Marcus Adam

Personal information
- Nationality: British (English)
- Born: 28 February 1968 (age 58) London, England
- Height: 182 cm (6 ft 0 in)
- Weight: 82 kg (181 lb)

Sport
- Sport: Athletics
- Event: Sprints
- Club: Belgrave Harriers

Medal record
Men's athletics
Representing Great Britain
European Championships
| Silver medal – second place | 1990 Split | 4×100 m |
Representing England
Commonwealth Games
| Gold medal – first place | 1990 Auckland | 200 m |
| Gold medal – first place | 1990 Auckland | 4×100 m |

= Marcus Adam =

English sportsperson (born 1968)

Marcus Adam (born 28 February 1968) is an English retired sportsperson, who represented Great Britain as both a sprinter and a bobsledder.

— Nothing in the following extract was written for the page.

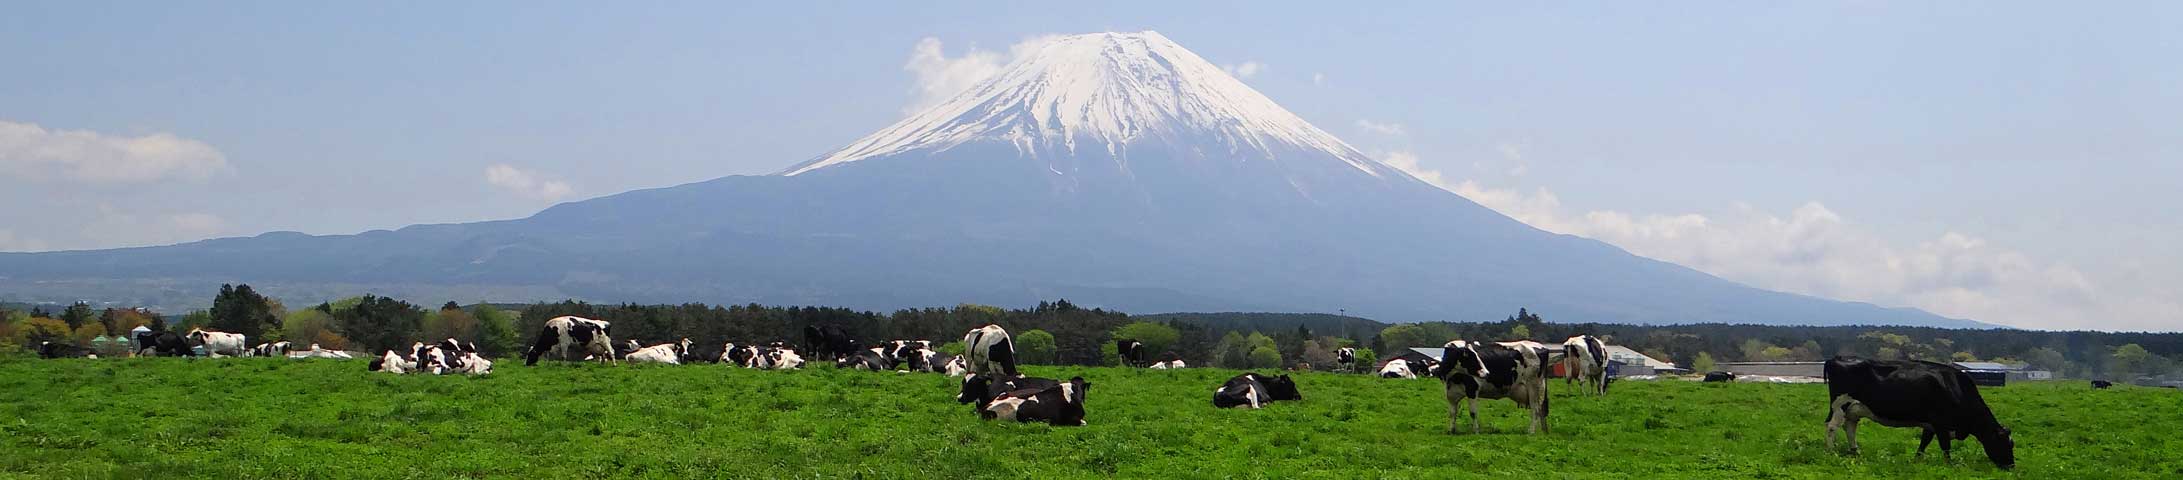 番外写真館初夏の富士山麓1｜ホッキョクグマと三角コーン

Competing in athletics, he won the gold medal in the 200 metres at the 1990 Commonwealth Games, and also won gold and silver medals respectively in the 4 x 100 metres relay at the 1990 Commonwealth Games and 1990 European Championships. He is also a member of the team which holds the British record in the 4 x 200 metres relay.

After retiring from athletics, he shifted to the sport of bobsleigh. He competed in the two-man bobsleigh event at the 2002 Winter Olympics (finishing in tenth place), having previously competed as a sprinter at the 1992 Summer Olympics (finishing in eighth place in the 200 metres and fourth place in the 4 x 100 metres relay).

== Biography ==
Adam was born in London. At the 1987 European Junior Athletics Championships, he won gold medals in both the 200 metres and the 4 x 100 metres relay. In the same year he won his first medal at the UK Championships, with a bronze medal in the 100 metres behind Linford Christie and Jamie Henderson.

In 1989, Adam started by winning the silver medal at the Amateur Athletics Association (AAA) Indoor Championships. He then won both the 100 and 200 metres at the UK Championships, and at the 1989 AAA Championships in the same year he won the silver medal in the 100 metres and the gold medal in the 200 metres. Also, in June 1989 he helped establish a British record of 1:21.29 minutes in the rarely contested 4 x 200 metres relay (together with Ade Mafe, Linford Christie and John Regis). This record still stands. In February 1990 he helped establish a new British indoor record of 1:22.99 minutes in the same event. (The time was beaten in March 1991.) Also in the 1989–90 indoor season, Adam won the 200 metres race at the AAA Indoor Championships.

Adam's international breakthrough came in the 1990 outdoor season. One of the season highlights was the 1990 Commonwealth Games. Adam finished fourth in the 100 metres event with a wind-aided time of 10.14 seconds, 0.02 seconds behind bronze medallist Bruny Surin. He then won the 200 metres with a wind-aided time of 20.10 seconds, ahead of his fellow English athletes John Regis and Ade Mafe, who finished second and third. Adam would never run faster than these two wind-aided times at the Commonwealth Games. He went on to win a second gold medal in the 4 x 100 metres relay (together with Clarence Callender, John Regis and Linford Christie). Adam also participated in the 1990 European Championships. He reached the semi-finals of the 200 metres, and won a silver medal in the 4 x 100 metres relay (together with Darren Braithwaite, John Regis and Linford Christie). The time of 37.98 seconds was a British record, which would stand until 1993.

Adam achieved a personal best time in the 100 metres in July 1991, clocking in 10.23 seconds at a meet in Birmingham.

In the 1991–92 indoor season, Adam competed at the 1992 European Indoor Championships, reaching the semi-finals of the 200 metres.

In June 1992, Adam achieved his lifetime best time in the 200 metres, with a time of 20.41 seconds at a meet in Dijon.

At the 1992 Summer Olympics, Adam reached the final of the 200 metres, finishing in eighth place with a time of 20.80 seconds. He was also a member of the British 4 × 100 m relay team which finished in fourth place. Domestically, Adam won the bronze medal in 100 metres at the AAA Championships, and at the UK Championships he won the bronze medal in 100 metres and the gold medal in the 200 metres.

Adam was then absent from the spotlight for several years. He made a brief return in the winter of 1999, when he competed at the World Indoor Championships, and won the 200 metres event at the AAA Indoor Championships.

==Bobsleigh==

Adam later took up the sport of bobsleigh. As a brakeman, he finished tenth in the two-man event at the 2002 Winter Olympics together with Lee Johnston.